» **Task description**:
Pick out and copy every line below that has the word "india".

» **Data provided**:

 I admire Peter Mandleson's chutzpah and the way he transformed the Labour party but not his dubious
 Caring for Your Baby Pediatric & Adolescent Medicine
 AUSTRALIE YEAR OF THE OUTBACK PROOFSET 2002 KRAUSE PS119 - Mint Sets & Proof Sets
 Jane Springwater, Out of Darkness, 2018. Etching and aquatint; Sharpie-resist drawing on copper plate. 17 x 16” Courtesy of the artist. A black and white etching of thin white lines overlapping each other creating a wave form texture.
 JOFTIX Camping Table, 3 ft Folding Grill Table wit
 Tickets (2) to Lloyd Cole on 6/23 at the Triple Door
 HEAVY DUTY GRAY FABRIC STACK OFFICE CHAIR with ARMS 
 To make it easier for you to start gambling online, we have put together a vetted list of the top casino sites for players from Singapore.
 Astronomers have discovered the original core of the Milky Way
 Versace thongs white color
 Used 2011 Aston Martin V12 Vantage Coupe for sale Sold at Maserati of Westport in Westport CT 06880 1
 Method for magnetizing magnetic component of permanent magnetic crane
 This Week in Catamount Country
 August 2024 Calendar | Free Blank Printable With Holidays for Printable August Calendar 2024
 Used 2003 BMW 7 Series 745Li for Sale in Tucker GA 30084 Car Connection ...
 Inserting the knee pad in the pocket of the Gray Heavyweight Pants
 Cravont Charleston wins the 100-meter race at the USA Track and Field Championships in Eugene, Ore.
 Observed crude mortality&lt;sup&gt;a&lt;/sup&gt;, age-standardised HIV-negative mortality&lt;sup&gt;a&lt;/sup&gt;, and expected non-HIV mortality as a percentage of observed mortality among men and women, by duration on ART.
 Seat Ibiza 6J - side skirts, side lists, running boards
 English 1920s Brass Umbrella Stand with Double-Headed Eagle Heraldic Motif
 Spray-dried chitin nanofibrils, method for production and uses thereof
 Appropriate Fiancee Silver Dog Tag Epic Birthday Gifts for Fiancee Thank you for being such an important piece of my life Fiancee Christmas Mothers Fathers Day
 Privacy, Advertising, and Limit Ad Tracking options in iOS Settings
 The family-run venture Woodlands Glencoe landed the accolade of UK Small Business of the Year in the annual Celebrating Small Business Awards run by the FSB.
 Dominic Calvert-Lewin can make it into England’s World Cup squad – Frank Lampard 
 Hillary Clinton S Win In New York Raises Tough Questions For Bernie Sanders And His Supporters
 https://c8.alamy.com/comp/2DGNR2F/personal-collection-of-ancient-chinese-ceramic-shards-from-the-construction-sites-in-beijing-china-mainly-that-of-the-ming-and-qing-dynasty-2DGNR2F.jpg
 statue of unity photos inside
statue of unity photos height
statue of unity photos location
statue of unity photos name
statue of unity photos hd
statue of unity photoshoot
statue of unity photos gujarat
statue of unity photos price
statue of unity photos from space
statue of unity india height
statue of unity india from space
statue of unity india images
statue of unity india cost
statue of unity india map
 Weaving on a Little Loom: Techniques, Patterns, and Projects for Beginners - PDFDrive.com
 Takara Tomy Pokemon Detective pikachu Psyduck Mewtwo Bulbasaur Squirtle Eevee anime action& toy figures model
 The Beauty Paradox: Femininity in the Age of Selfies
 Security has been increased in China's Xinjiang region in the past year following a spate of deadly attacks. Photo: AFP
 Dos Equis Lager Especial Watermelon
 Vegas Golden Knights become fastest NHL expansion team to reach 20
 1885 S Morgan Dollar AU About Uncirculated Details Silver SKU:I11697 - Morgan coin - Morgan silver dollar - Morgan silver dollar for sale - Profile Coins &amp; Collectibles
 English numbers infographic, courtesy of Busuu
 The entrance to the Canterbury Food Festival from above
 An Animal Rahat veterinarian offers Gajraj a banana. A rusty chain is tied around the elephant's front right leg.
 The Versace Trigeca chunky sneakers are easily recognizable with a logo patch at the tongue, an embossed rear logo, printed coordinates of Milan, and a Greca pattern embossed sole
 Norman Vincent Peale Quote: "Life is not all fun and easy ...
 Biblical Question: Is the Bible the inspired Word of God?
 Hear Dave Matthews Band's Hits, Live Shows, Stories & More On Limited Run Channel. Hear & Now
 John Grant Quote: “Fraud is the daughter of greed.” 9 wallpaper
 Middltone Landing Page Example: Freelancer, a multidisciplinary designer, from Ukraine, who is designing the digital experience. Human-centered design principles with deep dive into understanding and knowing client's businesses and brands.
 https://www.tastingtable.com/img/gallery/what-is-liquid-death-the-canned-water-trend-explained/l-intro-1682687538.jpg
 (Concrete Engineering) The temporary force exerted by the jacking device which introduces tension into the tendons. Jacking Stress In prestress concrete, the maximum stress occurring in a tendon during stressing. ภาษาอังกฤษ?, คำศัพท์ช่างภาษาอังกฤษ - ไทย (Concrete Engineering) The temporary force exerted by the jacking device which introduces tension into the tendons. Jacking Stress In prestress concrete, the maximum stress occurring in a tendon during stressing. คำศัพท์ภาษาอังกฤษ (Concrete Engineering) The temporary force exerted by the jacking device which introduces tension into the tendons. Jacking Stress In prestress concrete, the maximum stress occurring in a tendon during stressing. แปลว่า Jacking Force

» **The completed task**:
statue of unity india height
statue of unity india from space
statue of unity india images
statue of unity india cost
statue of unity india map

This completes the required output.